Node IO stress

Node IO stress causes I/O stress on the Kubernetes node.

Node CPU Hog

Use cases

Node IO stress fault verifies the resilience of applications that share the disk resource for ephemeral or persistent storage during high disk I/O usage.
It tests application resilience on replica evictions that occur due to I/O stress on the available disk space.
It simulates slower disk operations by the application and noisy neighbour problems by hogging the disk bandwidth.
It also verifies the disk performance on increasing I/O threads and varying I/O block sizes.
It checks if the application functions under high disk latency conditions. when I/O traffic is very high and includes large I/O blocks, and when other services monopolize the I/O disks.

Permissions required

Below is a sample Kubernetes role that defines the permissions required to execute the fault.

apiVersion: rbac.authorization.k8s.io/v1
kind: Role
metadata:
  namespace: hce
  name: node-io-stress
spec:
  definition:
    scope: Cluster
permissions:
  - apiGroups: [""]
    resources: ["pods"]
    verbs: ["create", "delete", "get", "list", "patch", "deletecollection", "update"]
  - apiGroups: [""]
    resources: ["events"]
    verbs: ["create", "get", "list", "patch", "update"]
  - apiGroups: [""]
    resources: ["chaosEngines", "chaosExperiments", "chaosResults"]
    verbs: ["create", "delete", "get", "list", "patch", "update"]
  - apiGroups: [""]
    resources: ["pods/log"]
    verbs: ["get", "list", "watch"]
  - apiGroups: [""]
    resources: ["pods/exec"]
    verbs: ["get", "list", "create"]
  - apiGroups: ["batch"]
    resources: ["jobs"]
    verbs: ["create", "delete", "get", "list", "deletecollection"]
  - apiGroups: [""]
    resources: ["nodes"]
    verbs: ["get", "list"]

Prerequisites

Kubernetes > 1.16
The target nodes should be in the ready state before and after injecting chaos.

Mandatory tunables

Tunable	Description	Notes
TARGET_NODES	Comma-separated list of nodes subject to node I/O stress.	For example, `node-1,node-2`. For more information, go to target nodes.
NODE_LABEL	It contains the node label that is used to filter the target nodes.
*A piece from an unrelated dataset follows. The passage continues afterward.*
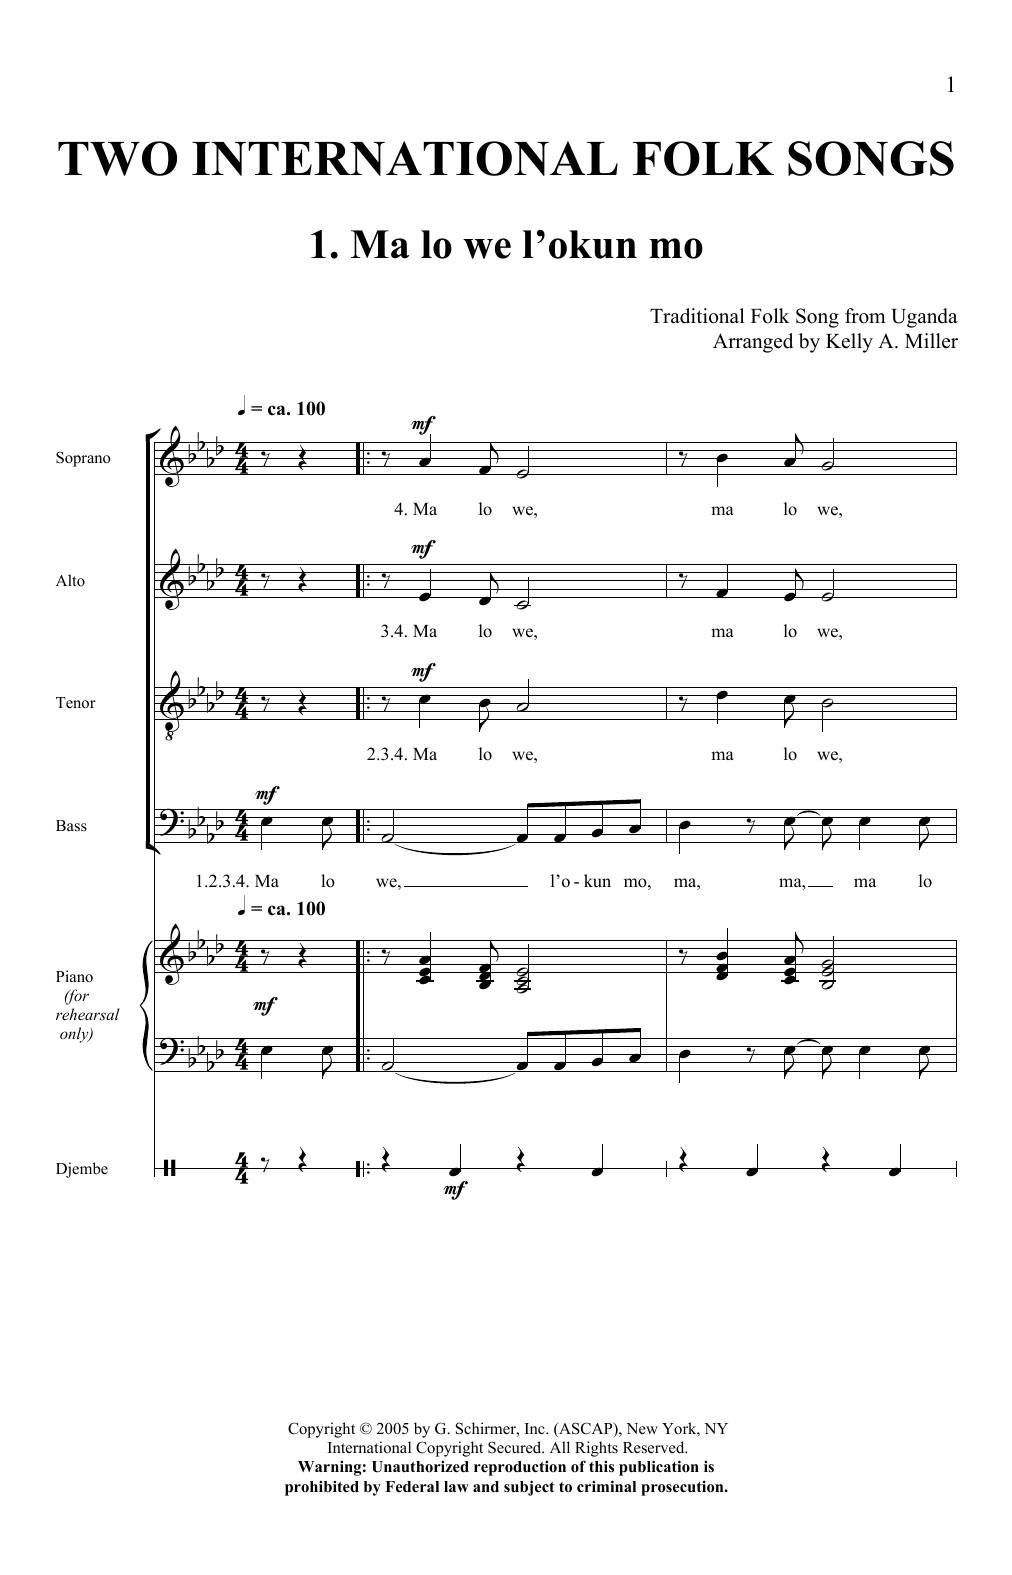 Two International Folk Songs

It is mutually exclusive with the `TARGET_NODES` environment variable.	If both the environment variables are provided, `TARGET_NODES` takes precedence. For more information, go to node label.

Optional tunables

Tunable	Description	Notes
TOTAL_CHAOS_DURATION	Duration that you specify, through which chaos is injected into the target resource (in seconds).	Default: 120 s. For more information, go to duration of the chaos.
FILESYSTEM_UTILIZATION_PERCENTAGE	Specify the size as a percentage of free space on the file system.	Default: 10 %. For more information, go to file system utilization percentage.
FILESYSTEM_UTILIZATION_BYTES	Specify the size of the files used per worker (in GB). `FILESYSTEM_UTILIZATION_PERCENTAGE` and `FILESYSTEM_UTILIZATION_BYTES` are mutually exclusive.	If both are provided, `FILESYSTEM_UTILIZATION_PERCENTAGE` takes precedence. For more information, go to file system utilization bytes.
CPU	Number of cores of the CPU that will be used.	Default: 1. For more information, go to CPU cores.
NUMBER_OF_WORKERS	Number of I/O workers involved in I/O stress.	Default: 4. For more information, go to workers for stress.
VM_WORKERS	Number of VM workers involved in I/O stress.	Default: 1. For more information, go to workers for stress.
LIB_IMAGE	Image used to run the stress command.	Default: `chaosnative/chaos-go-runner:main-latest`. For more information, go to image used by the helper pod.
RAMP_TIME	Period to wait before and after injecting chaos (in seconds).	For example, 30 s. For more information, go to ramp time.
NODES_AFFECTED_PERC	Percentage of the total nodes to target. It takes numeric values only.	Default: 0 (corresponds to 1 node). For more information, go to node affected percentage.
SEQUENCE	Sequence of chaos execution for multiple target pods.	Default: parallel. Supports serial sequence as well. For more information, go to sequence of chaos execution.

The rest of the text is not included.